9.8.17

Império



Tobias Jesso Jr., “Without You” (live at Later with Jools Holland), in https://www.youtube.com/watch?v=ScQW5mizYGo    
O património abainhado no ouro mais precioso que temos: os lugares demandados, as palavras de que apenas nós fomos tutores, a casa fortaleza, a janela por onde lançamos âncora ao resto do mundo – o resto do mundo que cabe todo na moldura da janela de que somos feitores.

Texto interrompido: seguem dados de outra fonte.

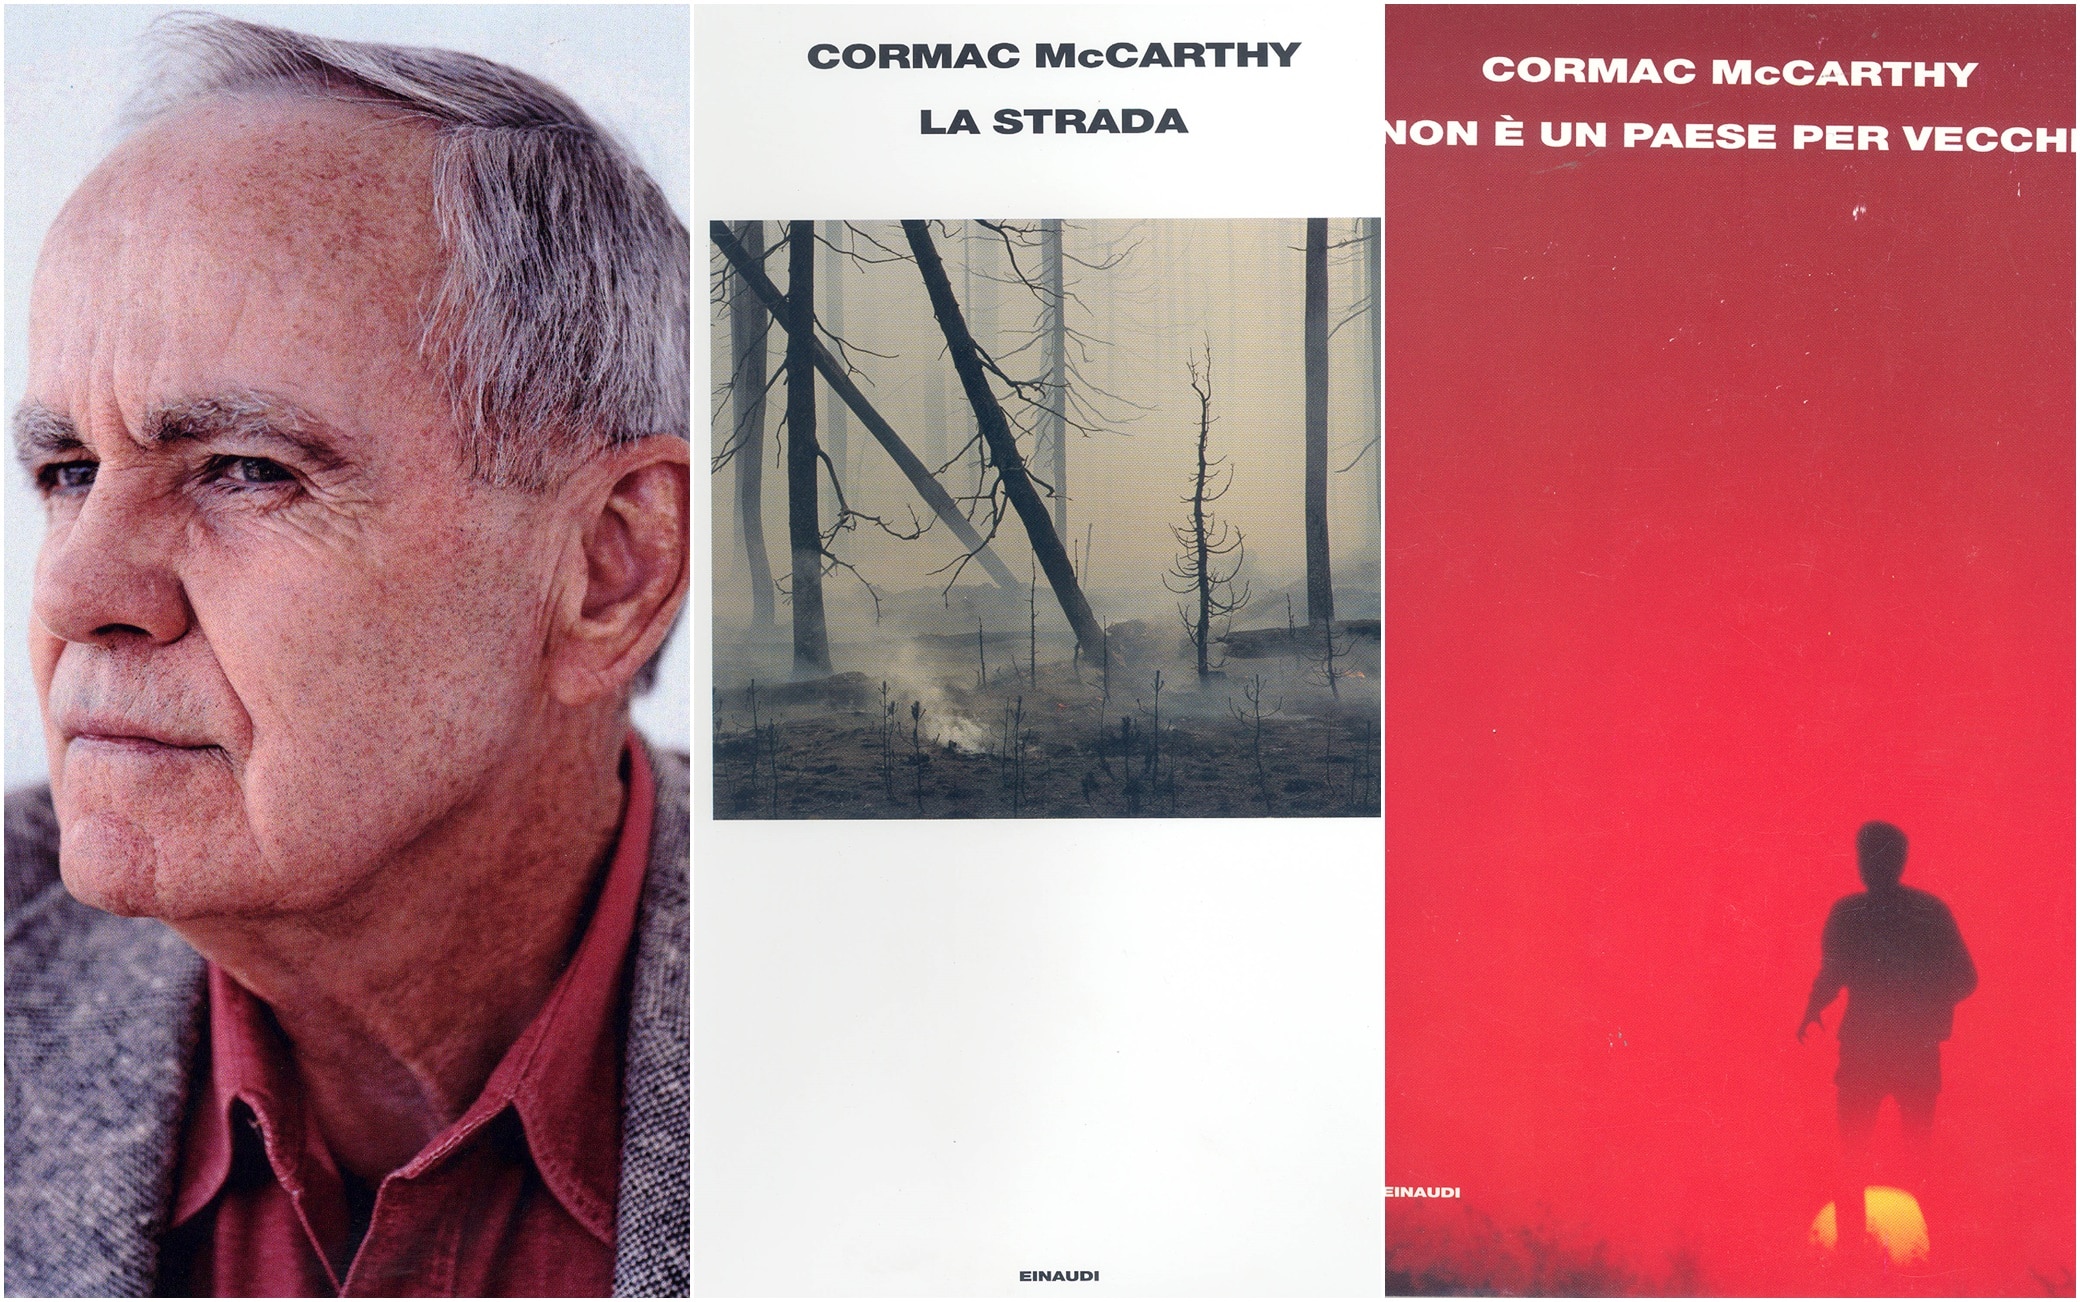 È morto Cormac McCarthy, lo scrittore americano aveva 89 anni
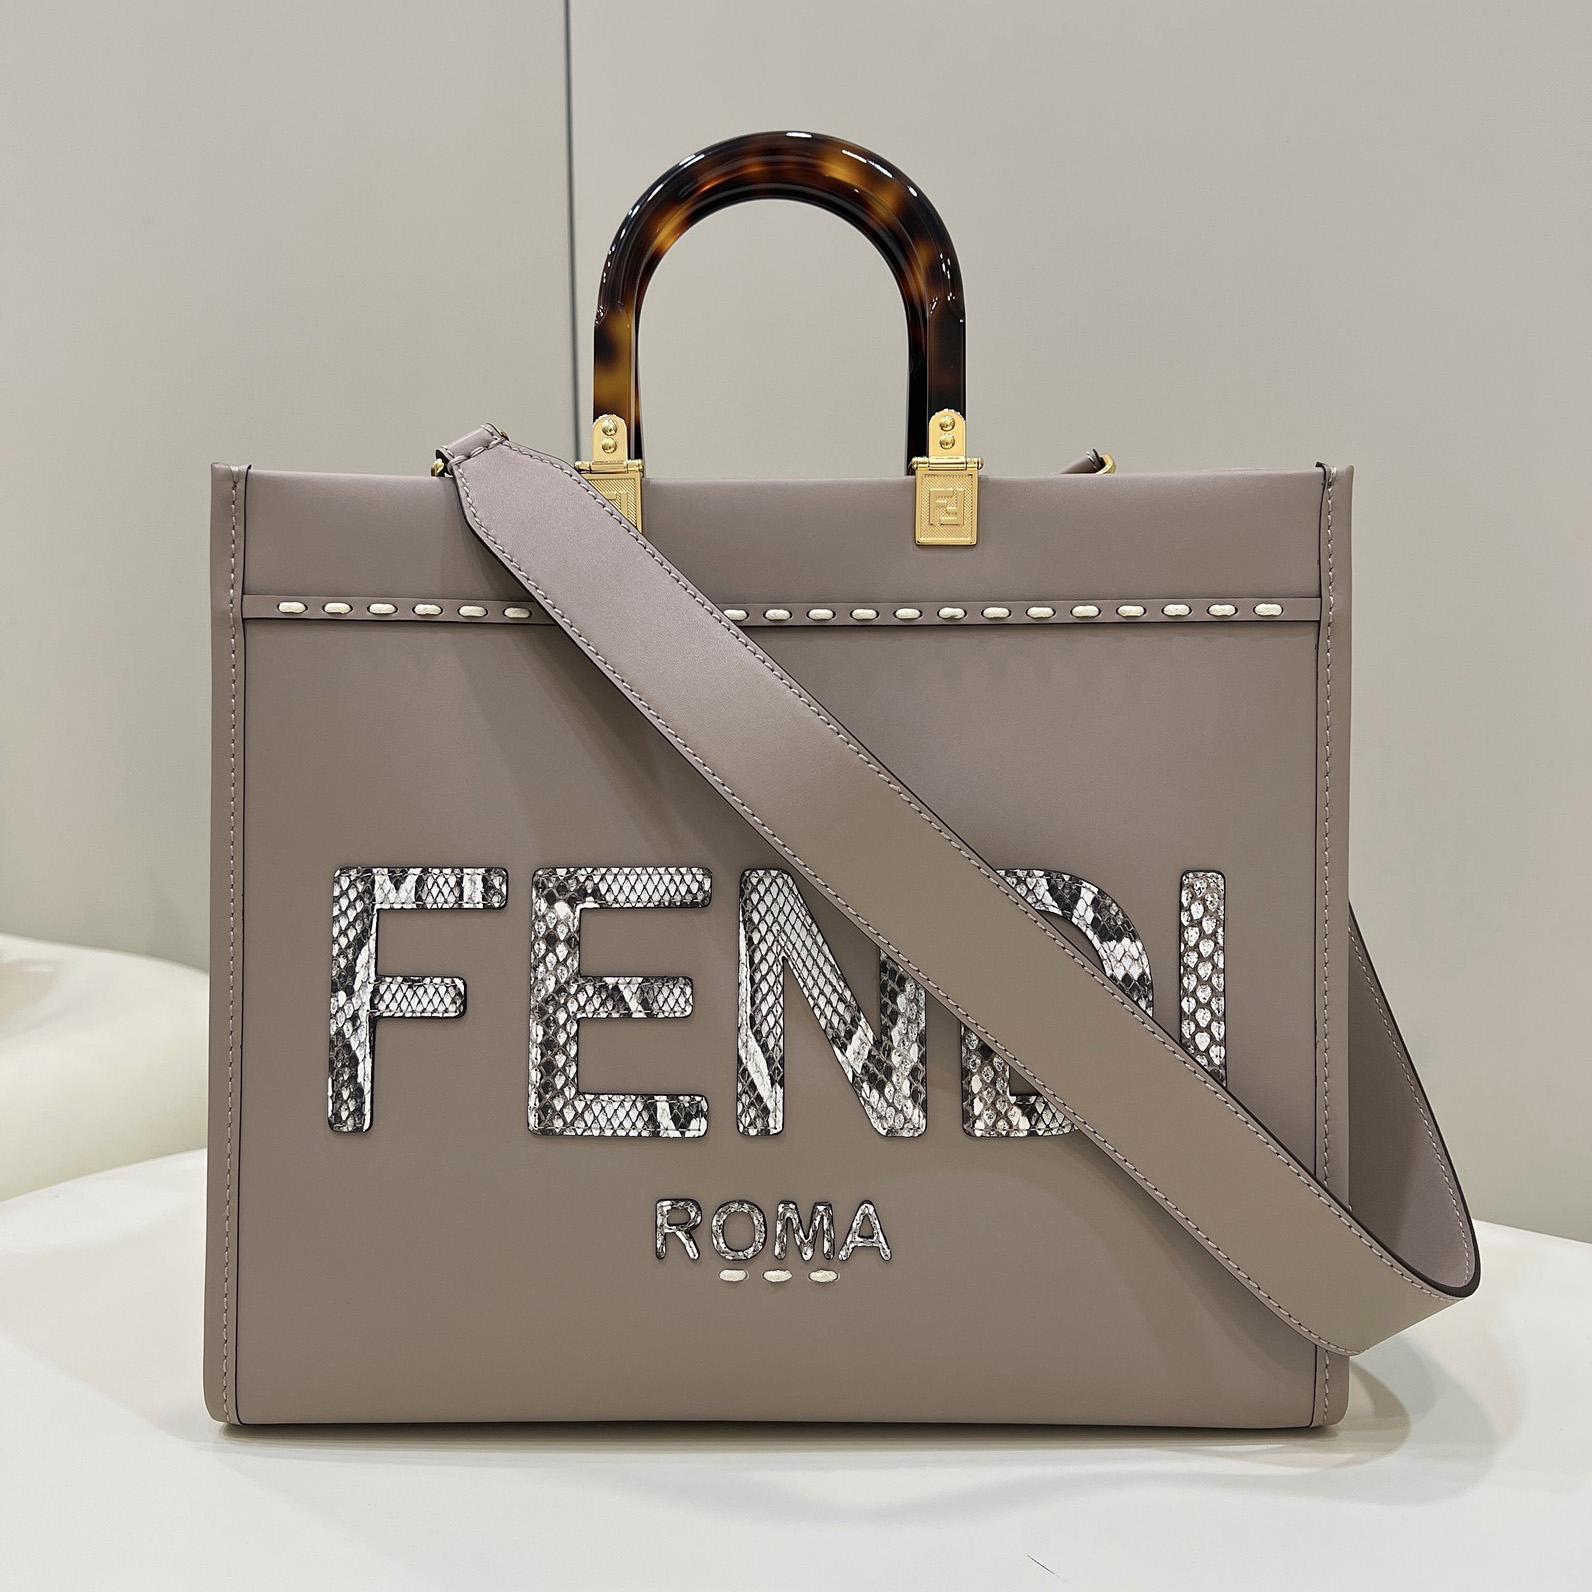 Fendi Sunshine Medium Beige Leather And Elaphe Shopper - DesignerGu

Há, neste império, todo o mar que temos nas mãos, o mar por onde sondamos as purezas e as impurezas, a glorificação do que tal merece e os ruídos da melancolia, toda uma maresia imorredoira que é o perfume que exalamos. As flores que tingimos são o vibrante testemunho da inteireza. Não sabemos se não ser nós, o império onde o mundo tem lugar. Não há equívoco: é assim mesmo, do todo (o império que somos nós) para a parte (o mundo, de que somos casa). Desalinhando dos néones apetecíveis, preferindo as sombras de onde erguemos as ameias que queremos singulares, logo seguidas por beijos irrecusáveis, as horas de silêncio mais eloquentes do que palavras mil, um singelo olhar que entra nas profundezas da alma, a música lida, a poesia cantada, as palavras-sedimento que cimentam as costuras de um uníssono. Pois não há sombras, daquelas madraças, improfícuas, as sombras lugares-tenentes da perfídia, que sejam apoquentação bastante. (Deixamos essas sombras aos seus fautores, pobres algozes de si mesmos, medíocres representações da espécie.)
No lugar mais alto do tempo, onde descobrimos os promontórios inacessíveis (menos para nós) de onde tomamos o mundo nas mãos, encontramos a matéria-prima do império de que registámos marca. Na indelével dança, imaginada ao menos (por incapacidade minha), onde abraçamos os corpos na confluência dos rios que fertilizam os lugares que pisamos. Não deixamos os corpos órfãos, nem desaproveitamos as palavras que pedem licença ao silêncio capaz. No domínio que é nosso império, somos predicados perfeitos, representações autónomas das vontades alheias, somos uma vontade soberana, desenhando no céu à nossa volta as palavras caiadas no fogo nunca fátuo.
Somos o palco onde têm perfeição as veleidades até mais distantes. Desde o império, no lugar incontestável de imperadores, sobranceiros ao mundo que se depõe aos nossos pés.